Yerküre Sıhhat Örgütü tarafından geliştirilen ve memleketimizde de bir kaç yıldır kamu spotu olarak yayınlanan Vücut Kütle İndeksi (BKİ) bize yükümüzle ilgili tahlil yapmamıza yardımcı olabilir gelgelelim tek kriter olarak değerlendirilmemesi gerekir. BKİ; Tartı (kg)/ Uzunluk (m2) olarak hesaplanır. Çıkan sonuca bağlı olarak paha aralığı 18,9 ve altı ise zayıf, 19-24,9 ise alışılagelmiş, 25- 30 ise hafif kilolu ve 30 ve üzeri ise obez olarak kıymetlendirilir. Ama BKİ kıymetleri ile birlikte yağ ve kas ölçümlerinin yorumlanması ve ayrıyeten kadın- erkek, yaşlı- genç, spor yapan- yapmayan vb. üzere etmenler kilonuzla ilgili hakikat habere ulaşmanızı sağlayacaktır. Ayrıyeten; bel muhiti bayanlarda 88 cm'i geçmemelidir denirken bu paha erkeklerde 102 cm'dir. Bu yüzden münhasıran zayıflama diyetlerinde bel muhitinizi haftada bir ölçerek not edebilir ve buna bağlı olarak icmal yapabilirsiniz.

"Obezite" dendiğinde aklımıza birinci gelen çokça kiloya sahip olma durumu gelir aklımıza. Evet hiç "metabolik obezite" tanısı olduğunu duydunuz mu? Topluluklara umumî olarak baktığımızda %25'i obez, %25'i ziyade kilolu ve %25'i olağan kilolu olarak kıymetlendirebiliriz. Ama olağan kilolu olan kimselerde genetik faktörlere bağlı olarak beslenme ve fizikî aktiviteye dikkat edilmediği vakit kiloda artış görülebildiği üzere tekrar kilolarında değişiklik olmayıp yağ orantısında kriterlerin üzerinde bir artış görülüyor. İşte biz bu duruma "metabolik obezite" diyoruz. Yani yalnızca tartıya bağlı olarak tefsir yapmak akıllıca kabul edilmez.

Yetişkin bayan ve erkeklerde yağ orantıları farklılık gösterir. Haftanın 2 ya da 3 gün hafif tempolu bir aktiviteye sahip olan bir hatunun %20-30 yağ nispetine sahip olması sıradan olarak görülürken bu nispet yetişkin erkeklerde %15- 20'dir. Kas orantısı ile ilgili bir tahlil yapmak çok yanlışsız değildir. Ne kadar ziyade kasınız varsa o kadar metabolizma süratiniz artacak ve metabolizmanız güçlenecektir.

Birtakım bireyler sıradan tartılarında olsalar bile yağ ve kas nispetlerinde dengesizlikler görülebilir.

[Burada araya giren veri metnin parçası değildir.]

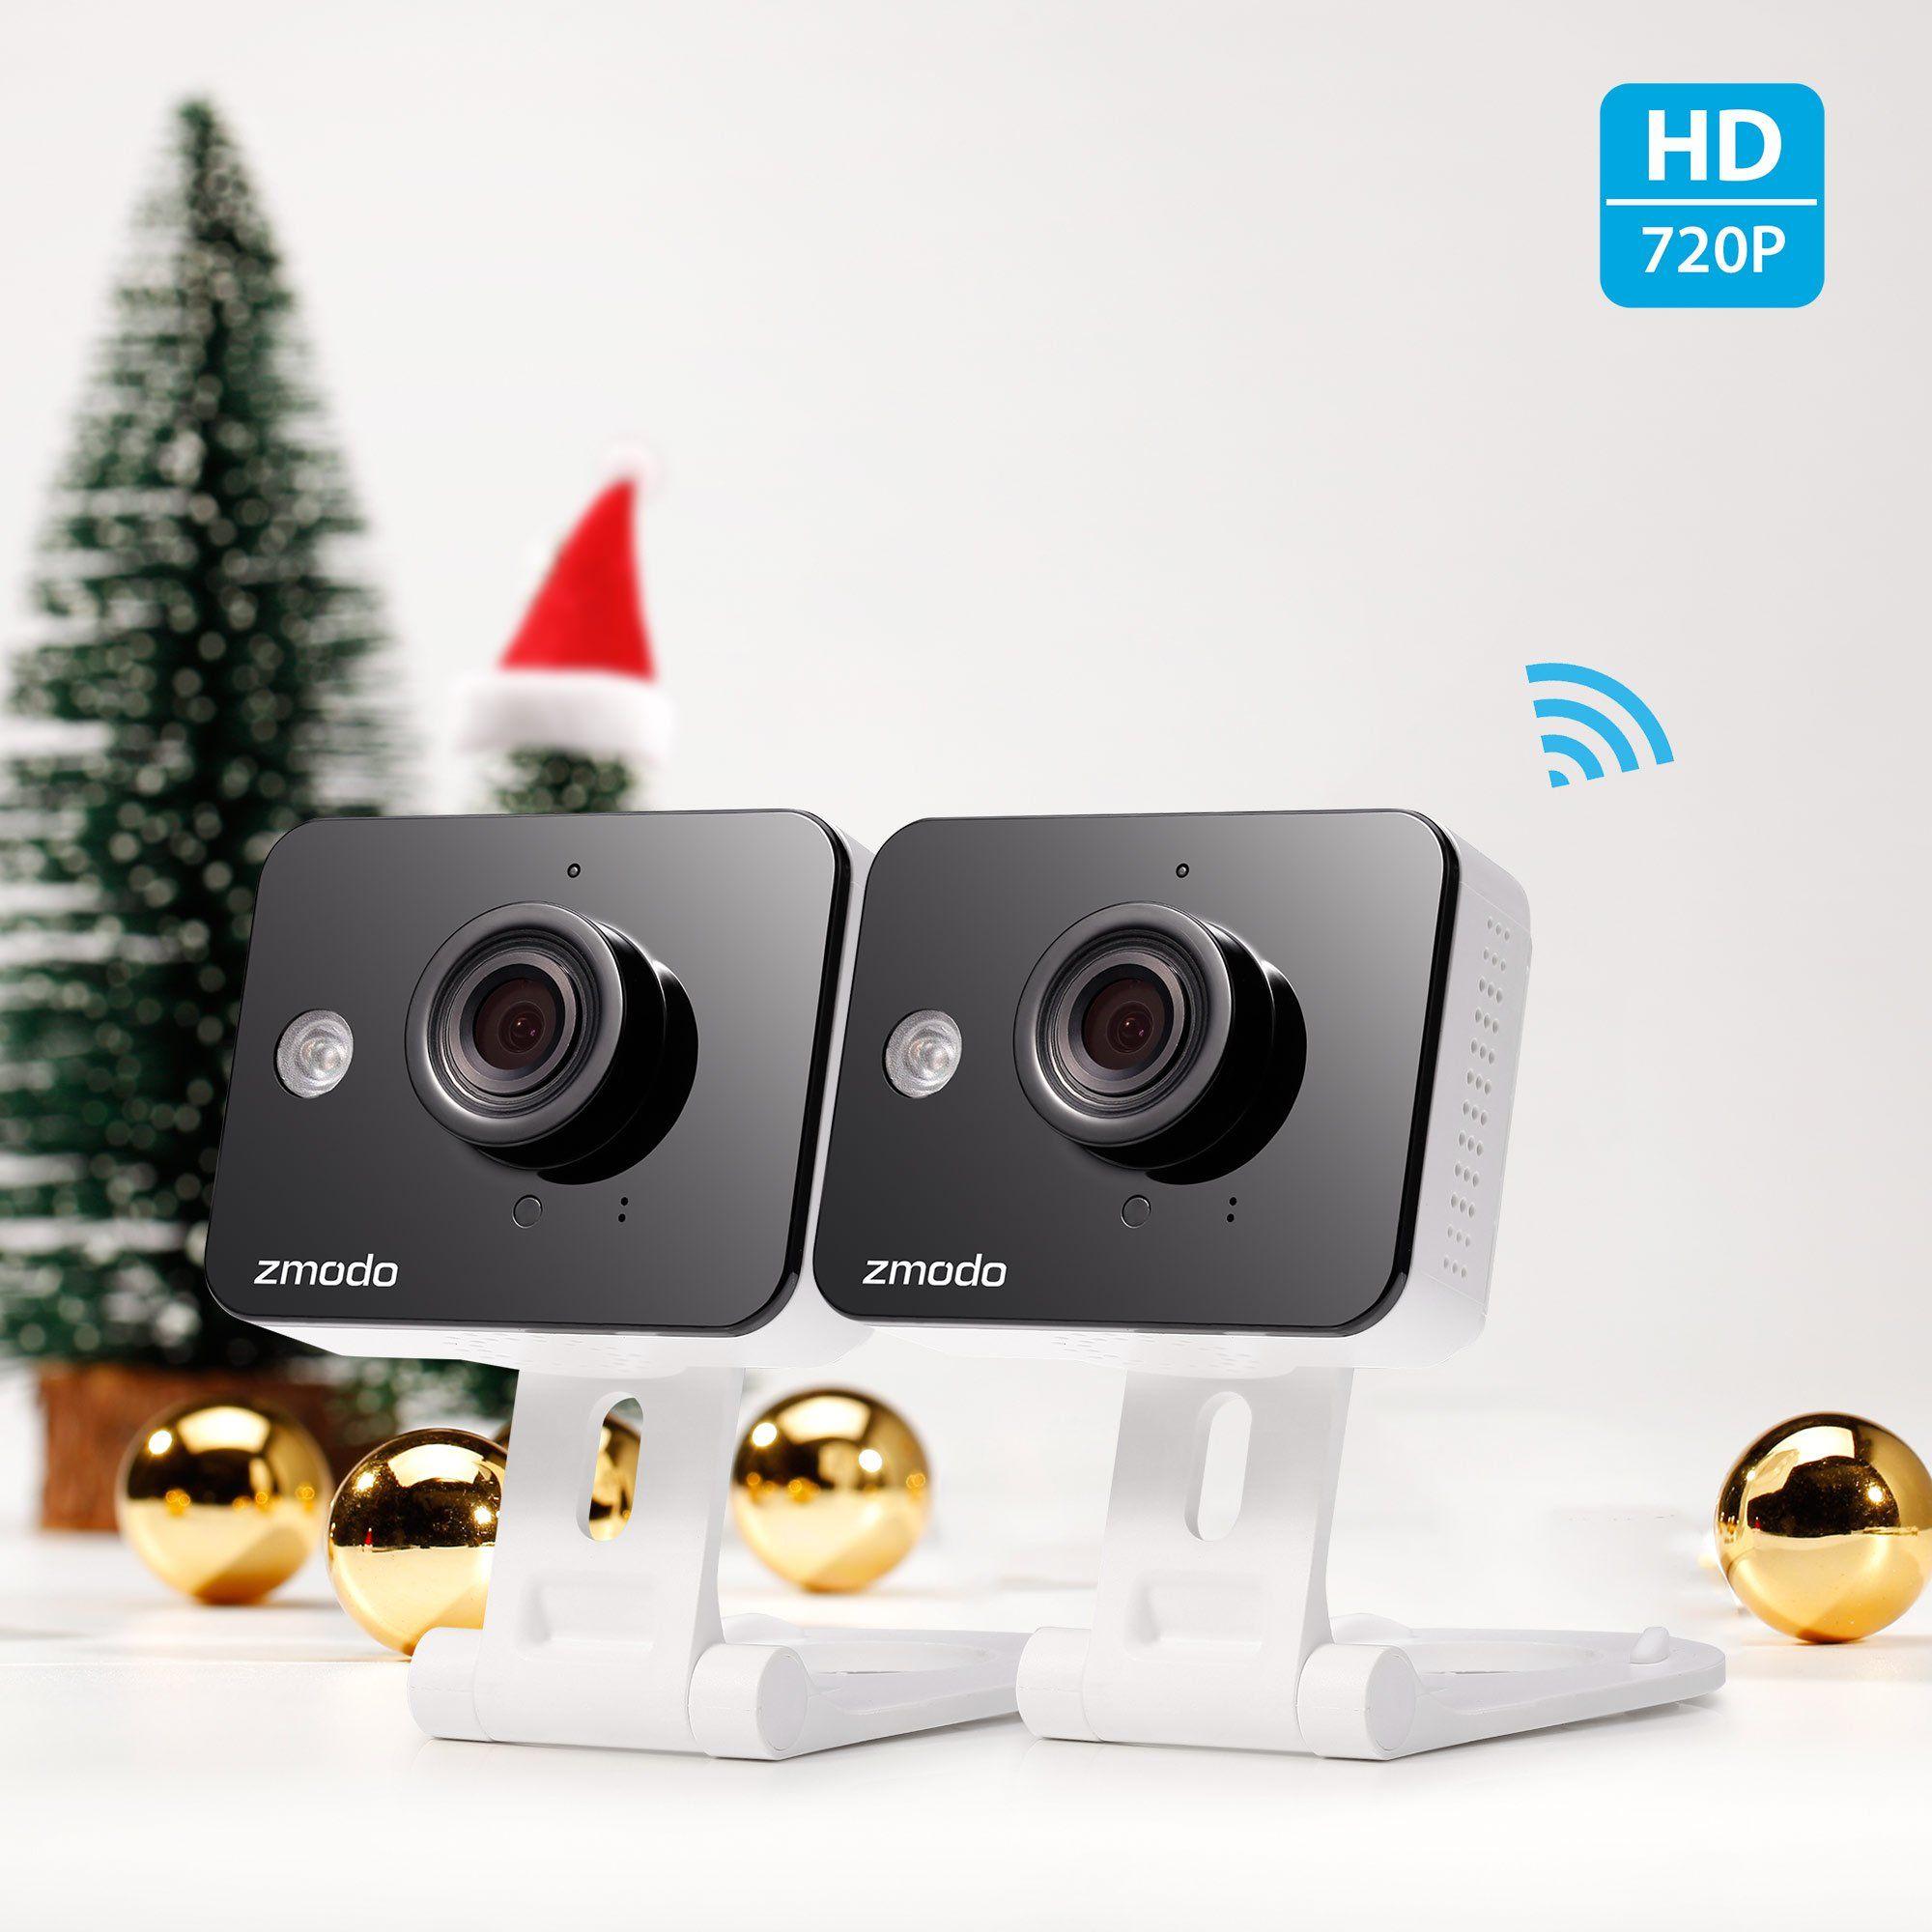 Zmodo 720p HD WiFi Wireless Smart Security Camera TwoWay

Örneğin; BKİ'si 21 kg/ m2 olan 35 yaşında genç bir hatunun yağ orantısı %35 olabilir. Bu türlü bir durumda ülkü kilo aralığında olduğunu söyleyebiliriz gelgelelim daha sağlıklı ve fit bir vücuda sahip olabilmesi için yağ nispetinin %30'un altına düşürmesini söyleyip kas yükünü arttırması gerektiğiyle ilgili yardımcı haberlerde bulunabiliriz. Ya da bazen BKİ 30 kg/ m2 ve üzeri olan şahısların yağ orantıları olması gereken bedel aralığının altında olup, kas orantıları epeyce yüksek çıkabiliyor. Bu cinste değerlendirmeleri yaparken "obez" tanısı koymak sizce hakikat yönetici? Hayır, katiyen yanlıştır. Zira kişi tertipli olarak spor yapan ve beslenmesine dikkat eden bir kişi olabilir ve kas nispeti yağ nispetine nazaran çokça olduğundan ötürü aslında "obez" değil "sağlıklı ve fit" olarak tanımlanmalıdır.

Pekala yağ orantısını azaltıp kas nispetini nasıl arttırabilirsiniz? Kişi kendi hayat biçimine ve alışkanlıklarına münâsib olarak beslenme planını bir diyetisyenle birlikte oluşturduktan sonra, nizamlı olarak, mümkünse her gün fizikî aktivitesini yaparak istediği sonuca ulaşabilir.